« Faire des retraites un débat de société »
Lors de l’université d’Attac, Thomas Coutrot* a lancé l’idée d’une votation citoyenne sur la réforme.
dans l’hebdo N° 1115 Acheter ce numéro
Politis : Quelles sont les priorités d’Attac pour construire la « rupture radicale avec la finance » annoncée pendant l’université citoyenne ?
Thomas Coutrot : La réforme des retraites et de la nationalité va mobiliser l’association dans les mois à venir. On voit bien que la diversion raciste et xénophobe organisée par Sarkozy vise à éviter que la réforme des retraites soit rejetée par la société. Cela renforce la nécessité de faire de cette réforme un débat de société et pas simplement un objet de négociation entre partenaires sociaux. C’est l’intérêt de l’ensemble du mouvement social, des organisations syndicales et du mouvement citoyen de poser la question des retraites de cette façon. On propose ainsi l’organisation d’une votation citoyenne début octobre, avec l’ensemble des syndicats et partis qui seraient intéressés par cette initiative.
Que pensez-vous des orientations budgétaires retenues par le gouvernement et Nicolas Sarkozy pour 2011 ?
Une réunion spectaculaire a été organisée à Brégançon alors qu’il n’y a rien de nouveau. C’est une opération de communication vis-à-vis des marchés, mais aussi des mouvements sociaux pour leur dire : « On n’a pas le choix, il faut qu’on réduise les dépenses publiques, et on le fera. » C’est injustifiable sur le plan économique parce que cette politique généralisée dans l’Union européenne ne permettra pas de réduire les déficits.
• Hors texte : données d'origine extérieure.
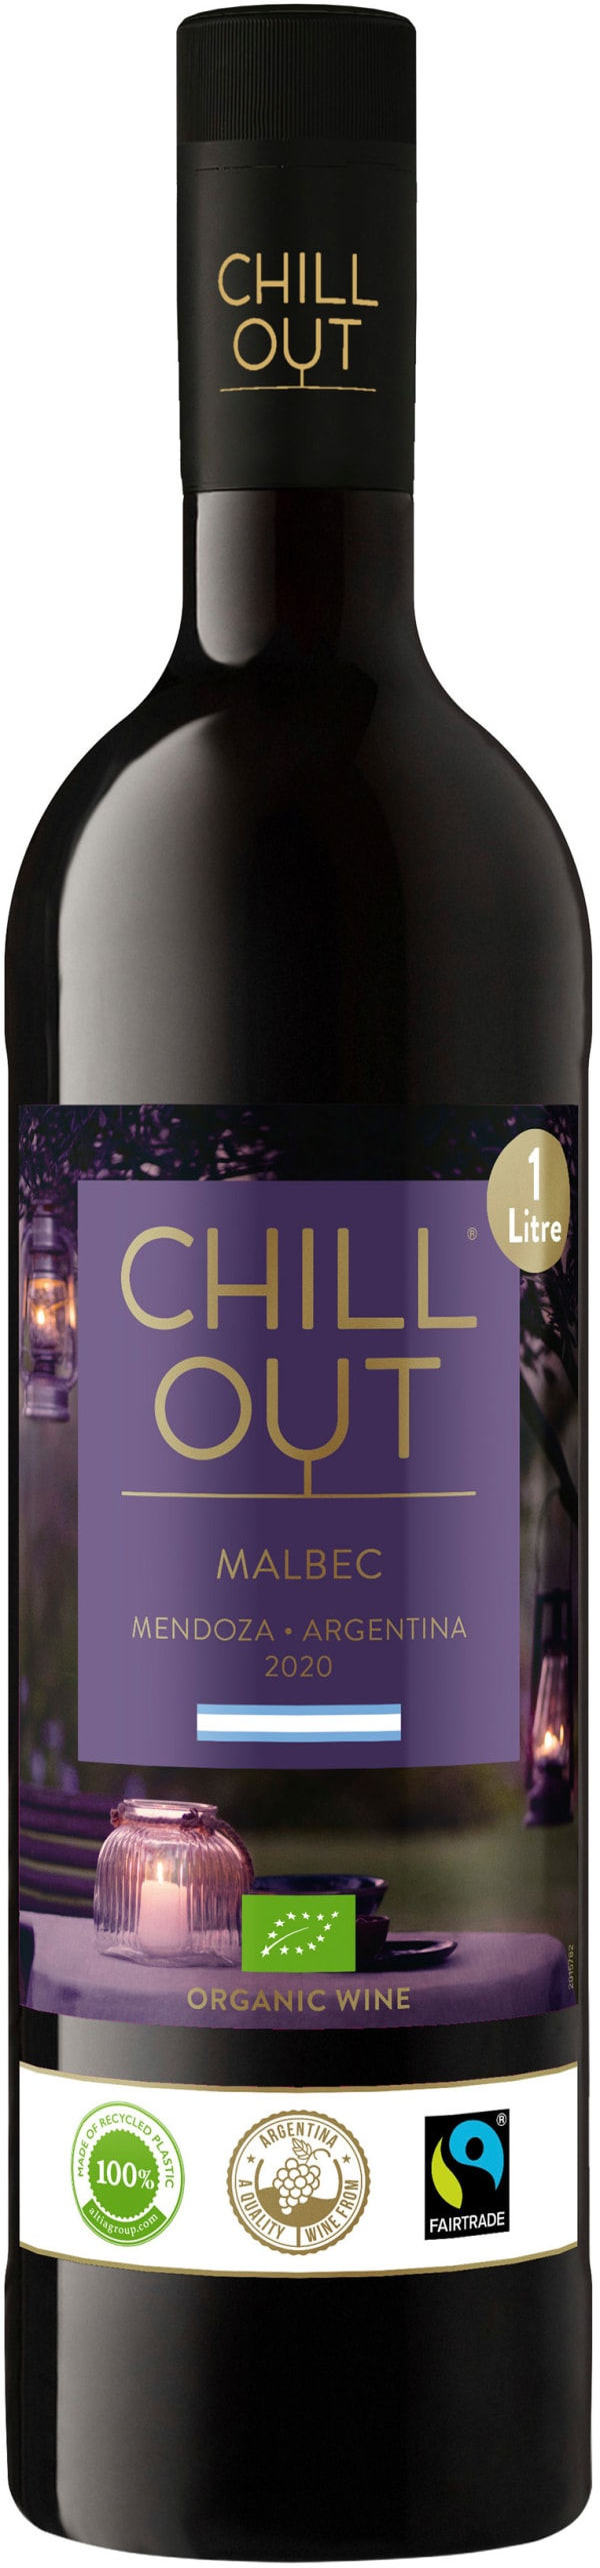 Chill Out Malbec Argentina 2018 plastflaska

Surtout, c’est une politique inféodée aux intérêts financiers, ce qui n’est pas acceptable.
L a conjoncture économique redonne une certaine visibilité à l’association. Quelle est la situation d’Attac aujourd’hui ?
C’est la meilleure depuis six ans. On a enregistré une augmentation du nombre d’adhérents en 2010. Pour la première fois depuis 2003, l’érosion est interrompue et on enregistre de nouvelles inscriptions. Cela s’explique par le fait que nous sommes une association pacifiée, avec un respect mutuel entre les adhérents et entre les dirigeants. Surtout, avec la crise financière et celle du capitalisme, qui valident nos analyses, Attac retrouve un second souffle. Nos propositions comme la taxation des transactions financières ou la fin des paradis fiscaux sont au cœur du débat politique mondial. Même si elles n’avancent pas beaucoup, elles sont posées comme des questions primordiales. Attac a aussi opéré une inflexion importante : on est parti d’une association critique, de lutte contre le néolibéralisme, à une association qui pose la question du dépassement du néolibéralisme.
Notre assemblée générale de décembre 2009 a clairement affirmé que la crise actuelle est non seulement celle du néolibéralisme mais aussi du capitalisme, et qu’on ne voit pas de solution à cette crise à l’intérieur de la logique du fonctionnement du capitalisme. Celui-ci repose sur une accumulation illimitée de richesses et la poursuite sans fin du profit. La crise écologique ne permet plus d’envisager une telle trajectoire. Notre ambition est de repenser une émancipation qui corresponde à cette inflexion et de commencer à poser les alternatives en termes de projets de société.